*INFORMATION SHOWN*:
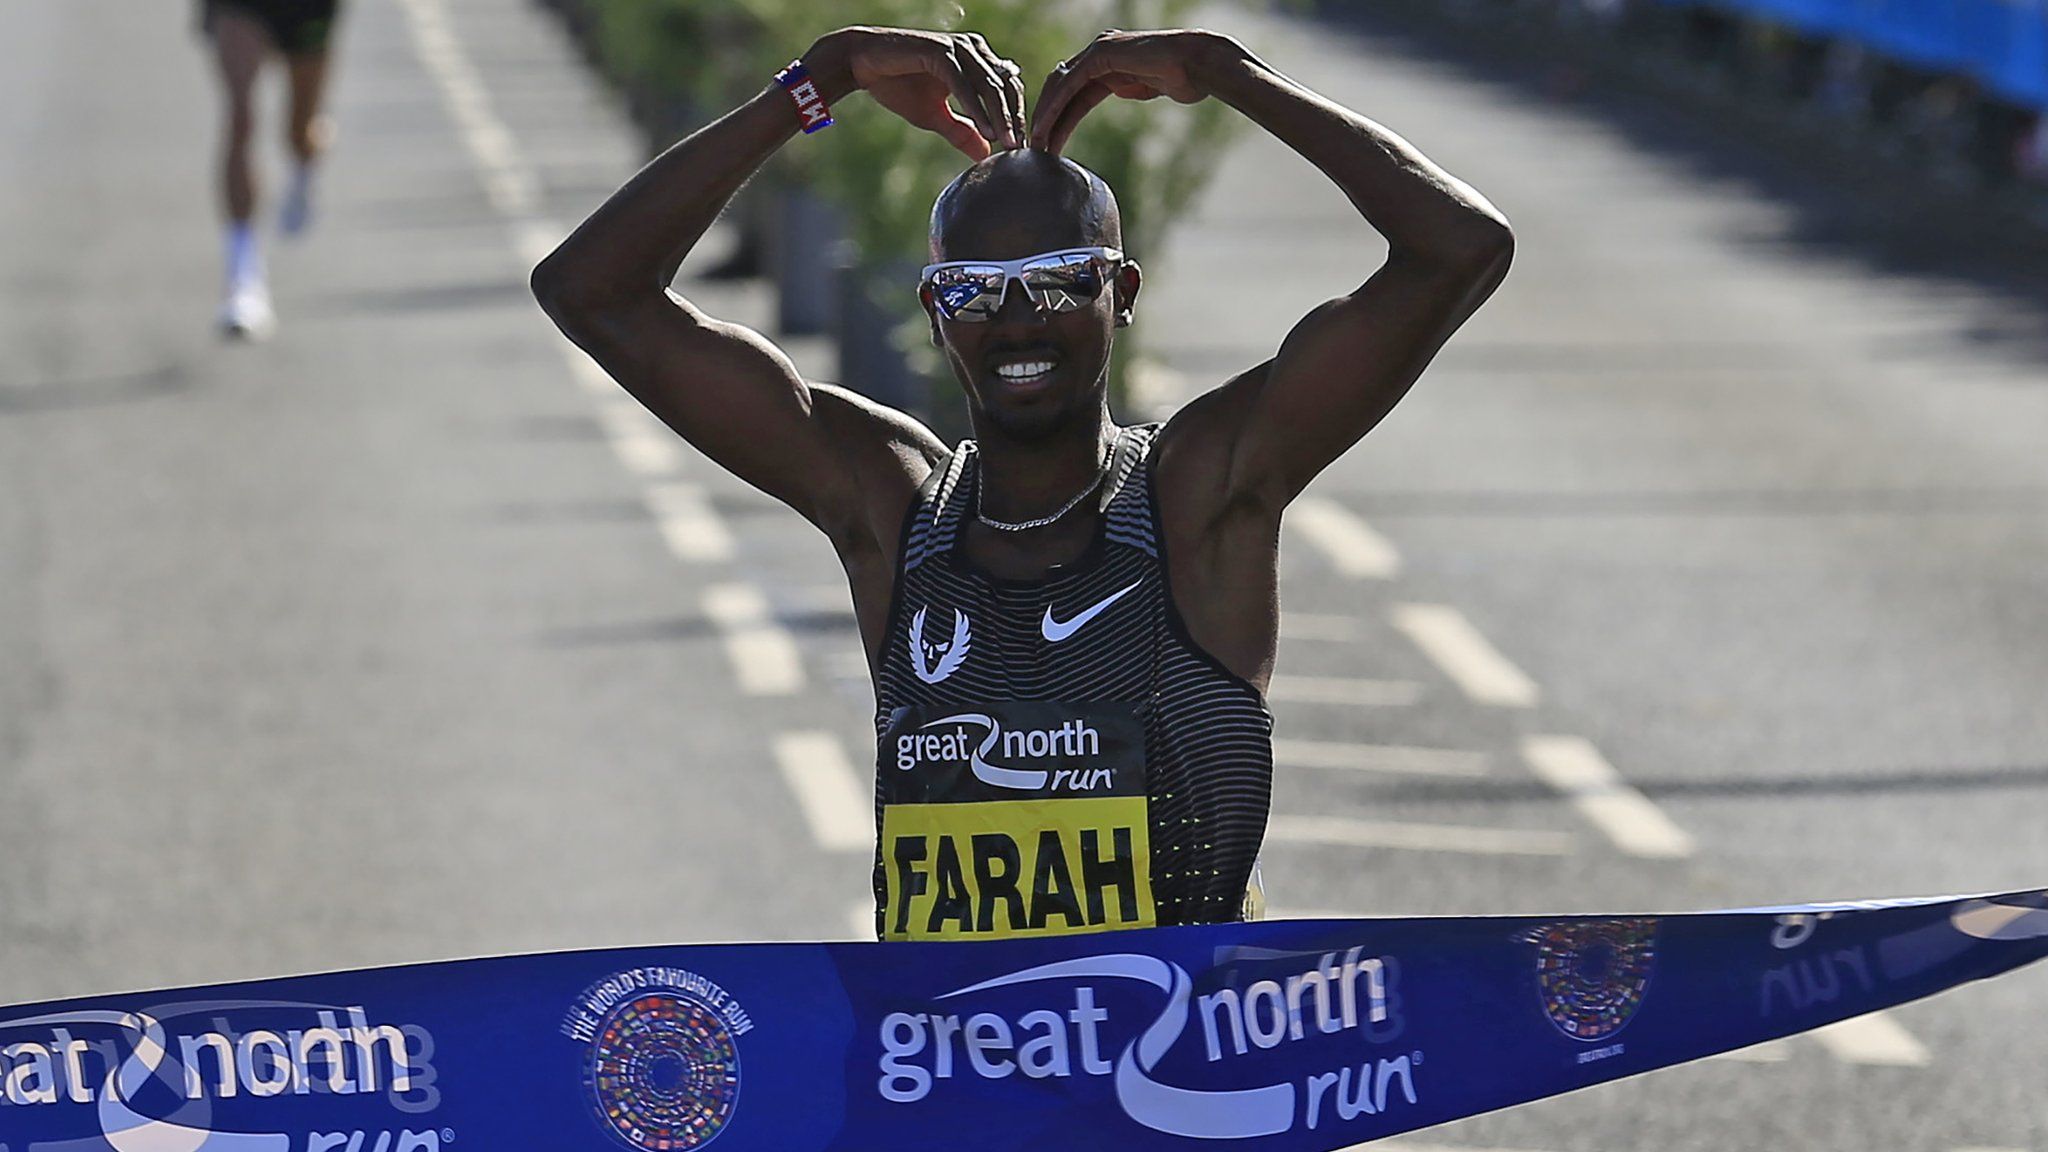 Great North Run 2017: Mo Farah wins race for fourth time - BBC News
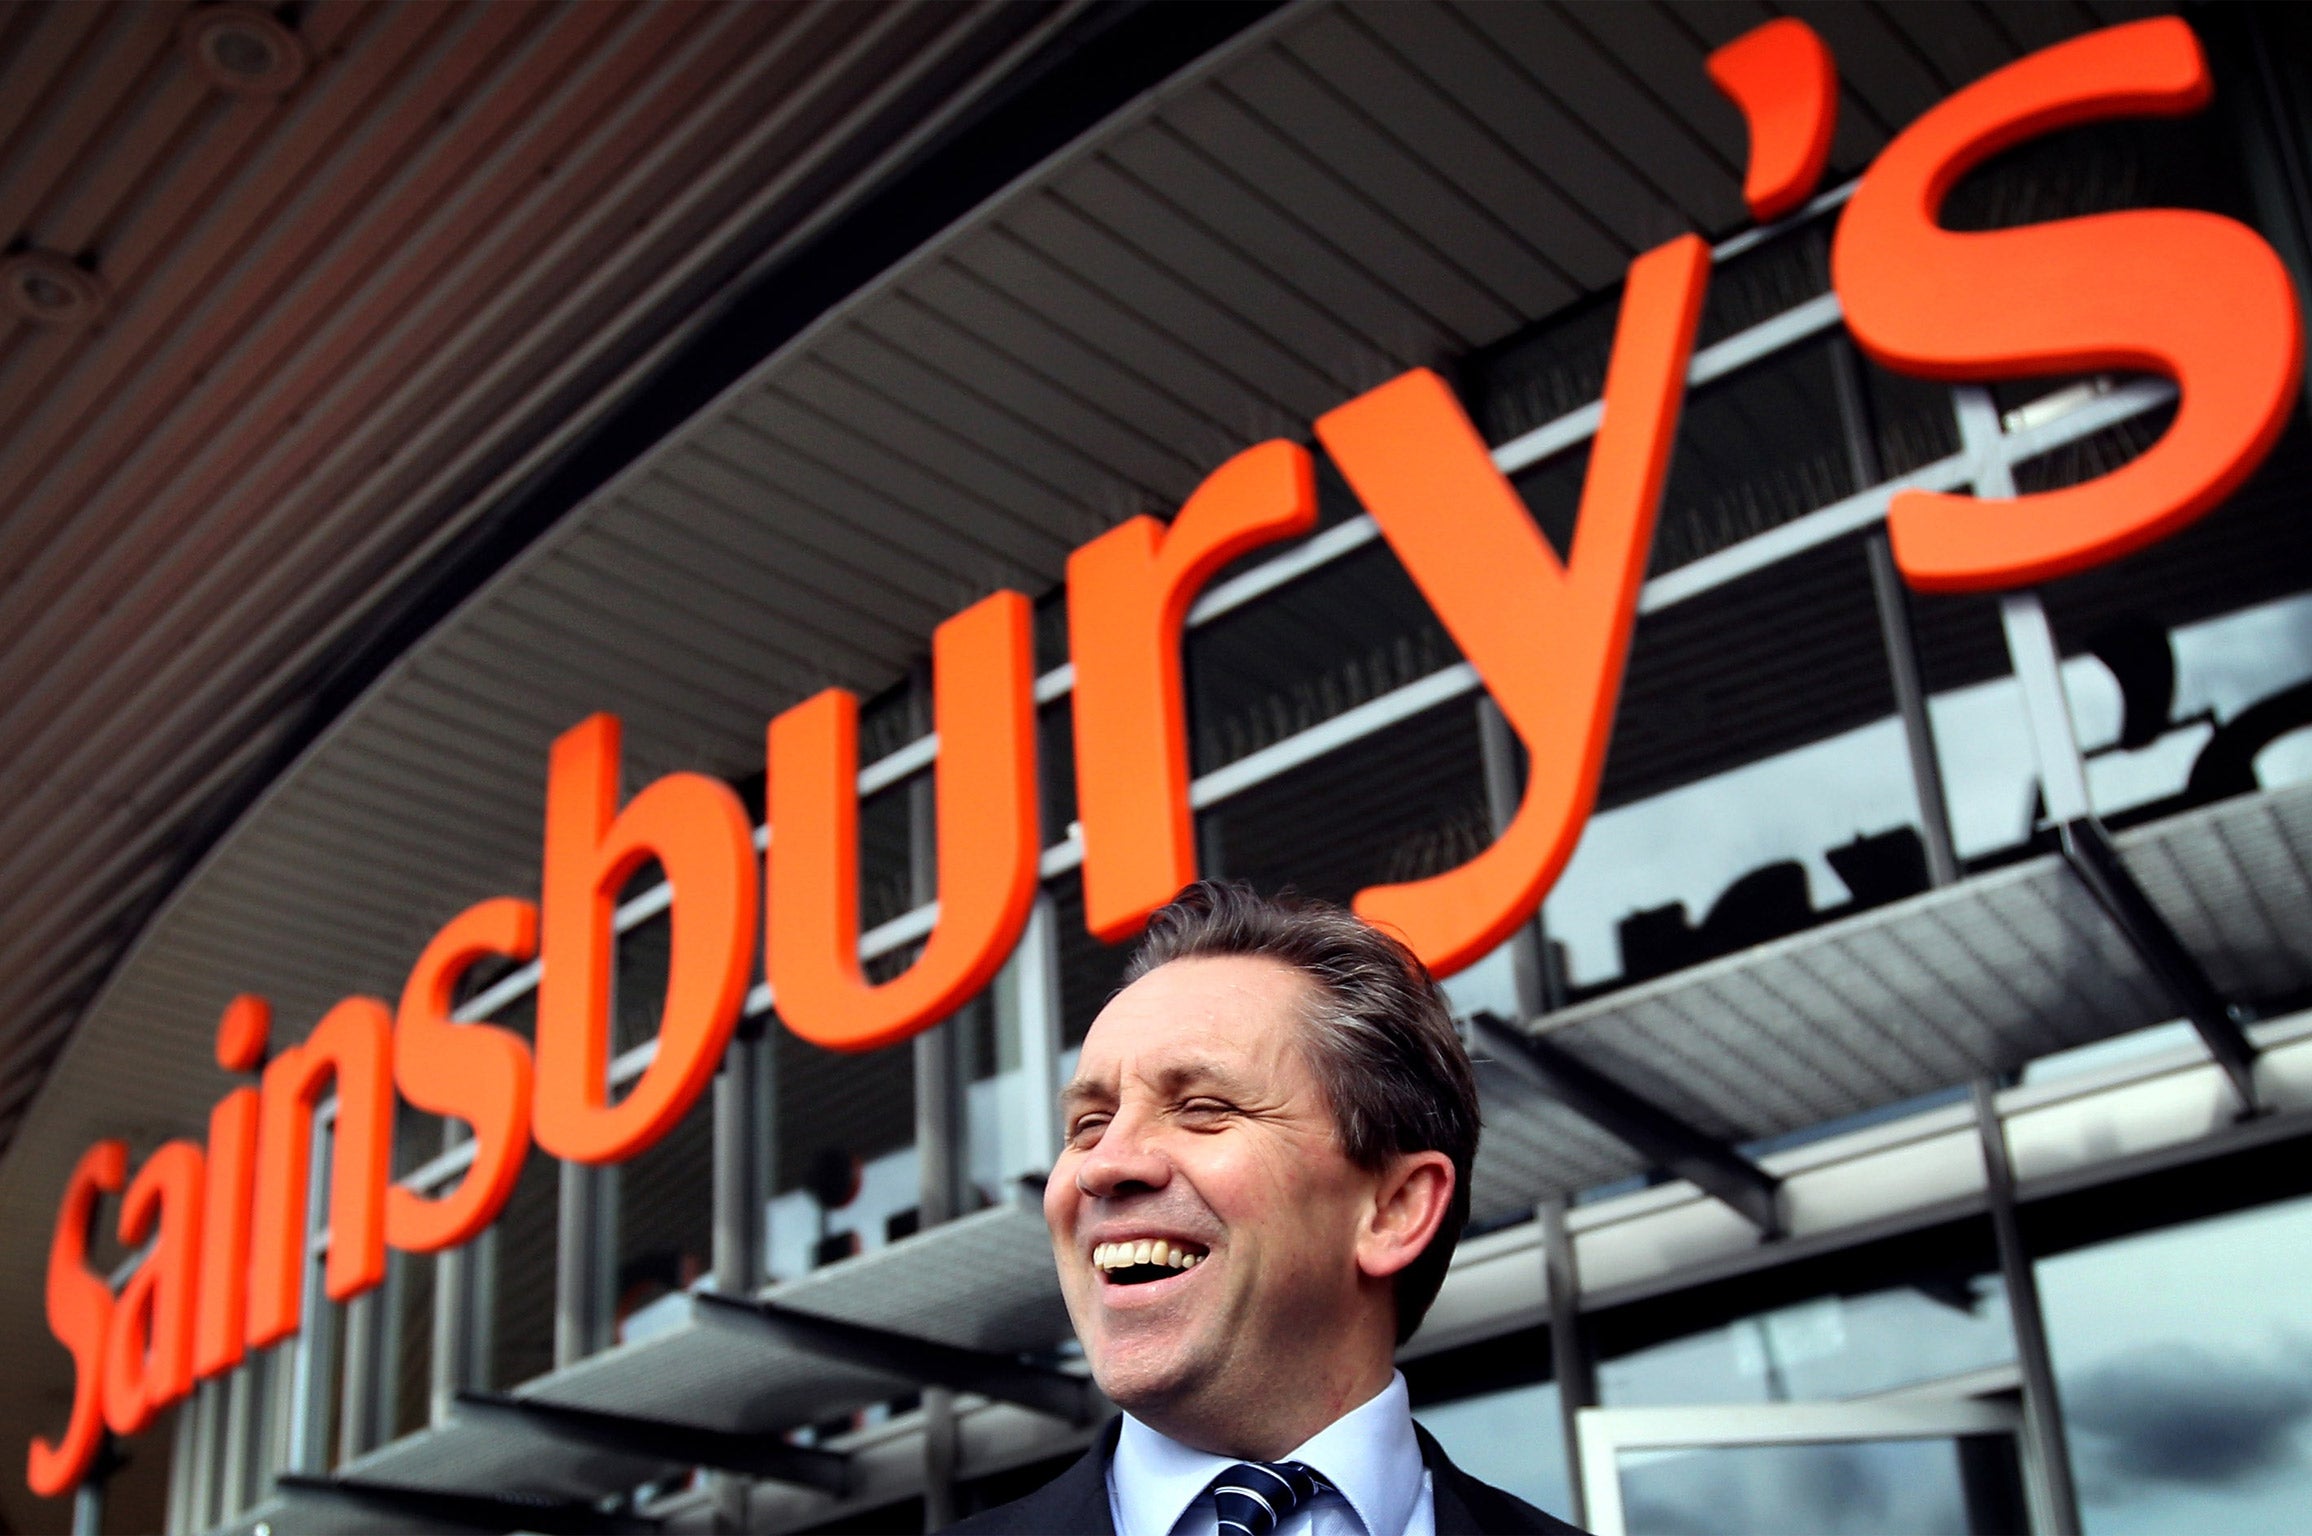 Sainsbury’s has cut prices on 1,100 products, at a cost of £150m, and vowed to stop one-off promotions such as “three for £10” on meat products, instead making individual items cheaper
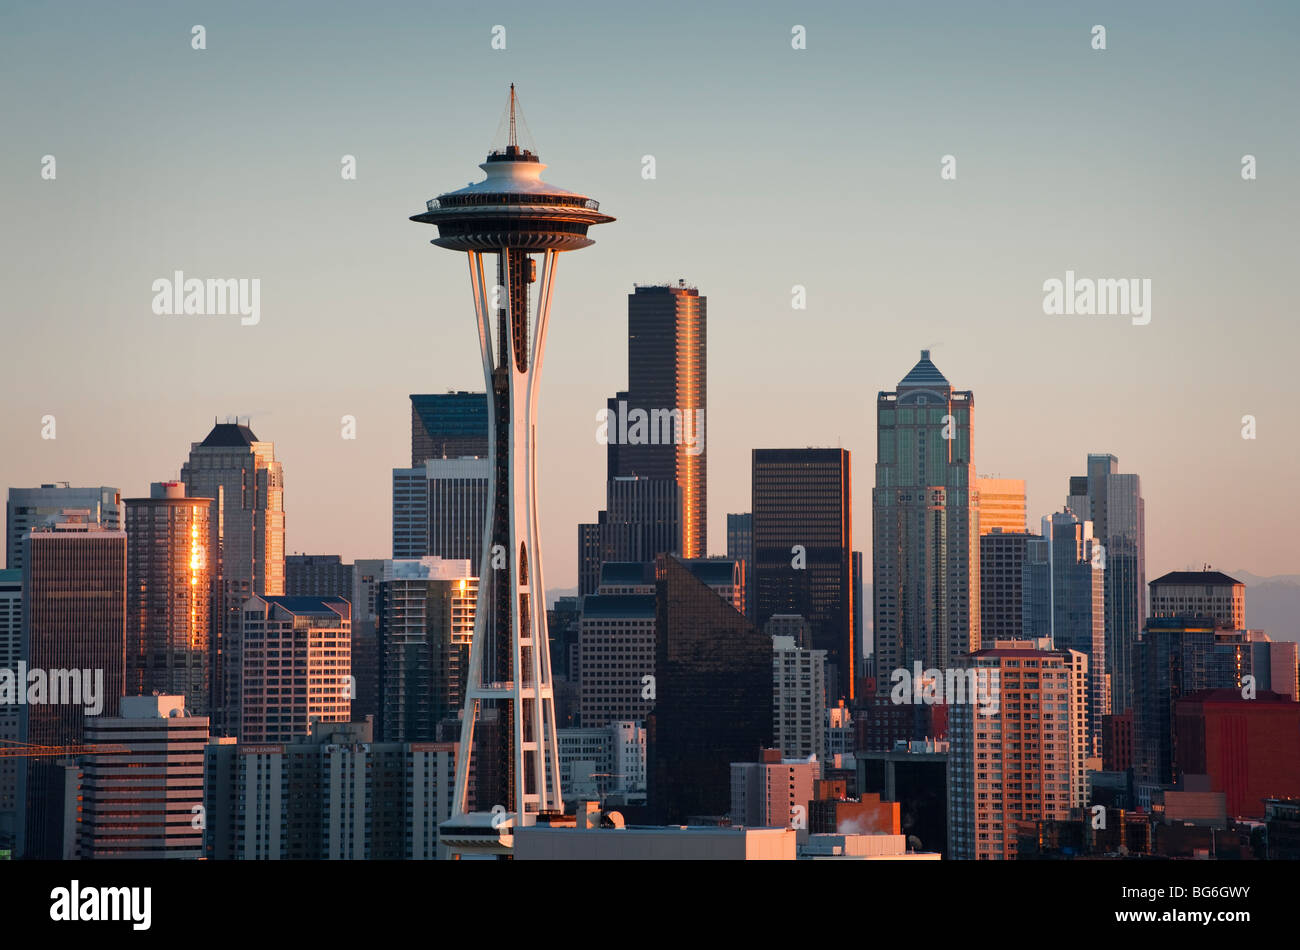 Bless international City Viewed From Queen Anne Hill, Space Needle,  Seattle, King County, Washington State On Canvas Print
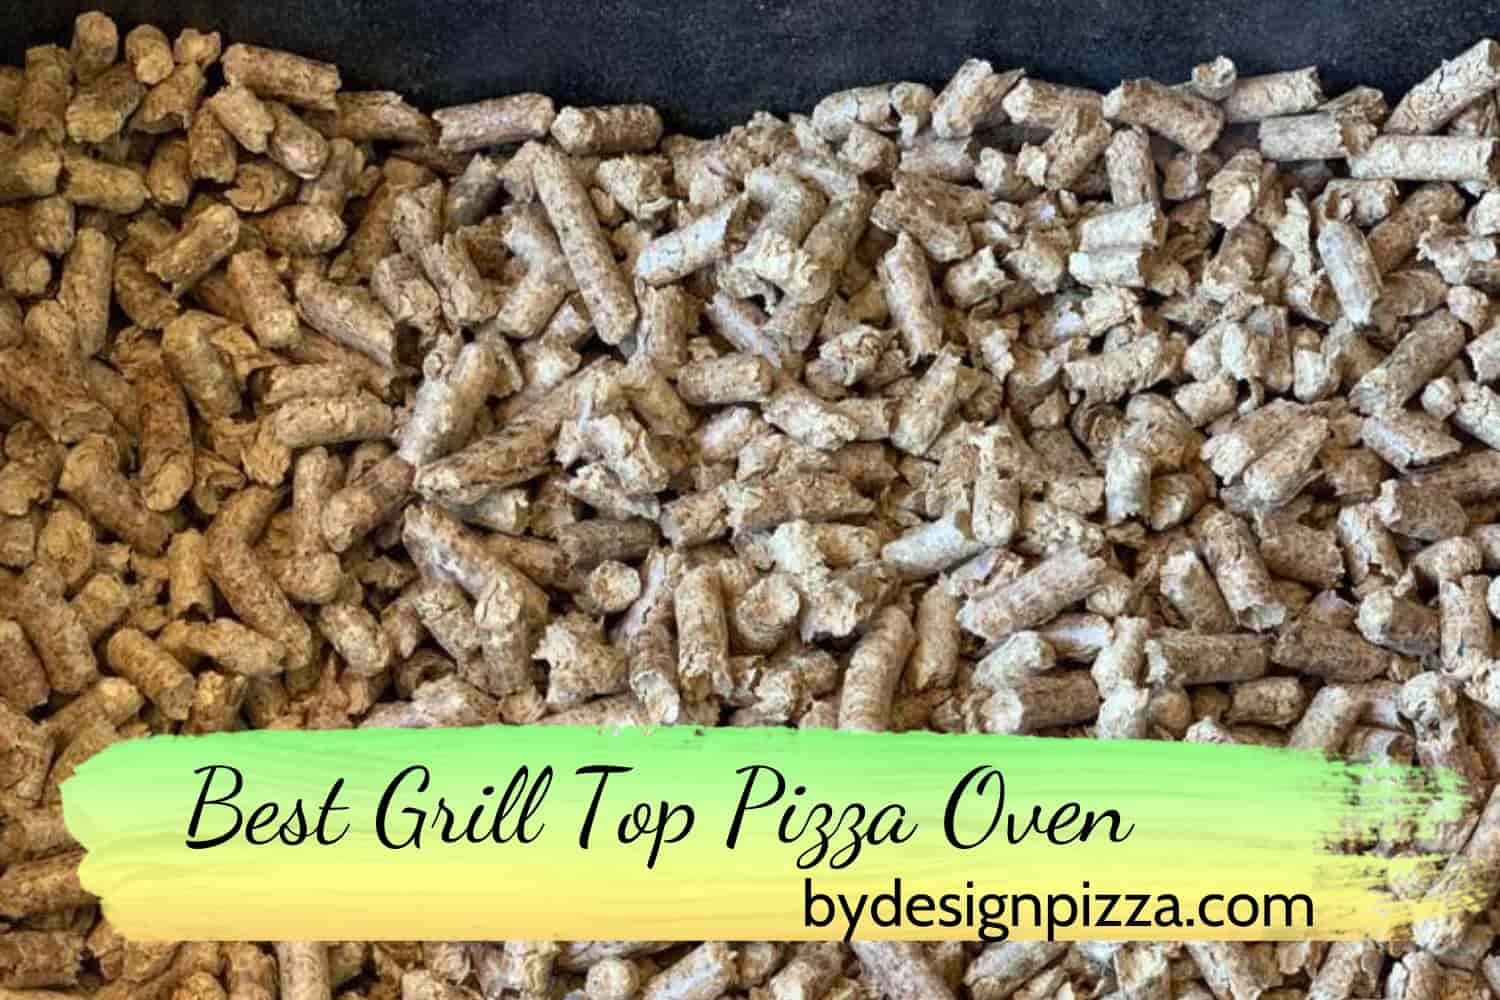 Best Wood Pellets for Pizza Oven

*WHAT IS REQUIRED*: Restate the data word for word from its first line through the line with "Sainsbury’s has cut", leaving out any picture along the way.

*RESULT*:
 Great North Run 2017: Mo Farah wins race for fourth time - BBC News
 Sainsbury’s has cut prices on 1,100 products, at a cost of £150m, and vowed to stop one-off promotions such as “three for £10” on meat products, instead making individual items cheaper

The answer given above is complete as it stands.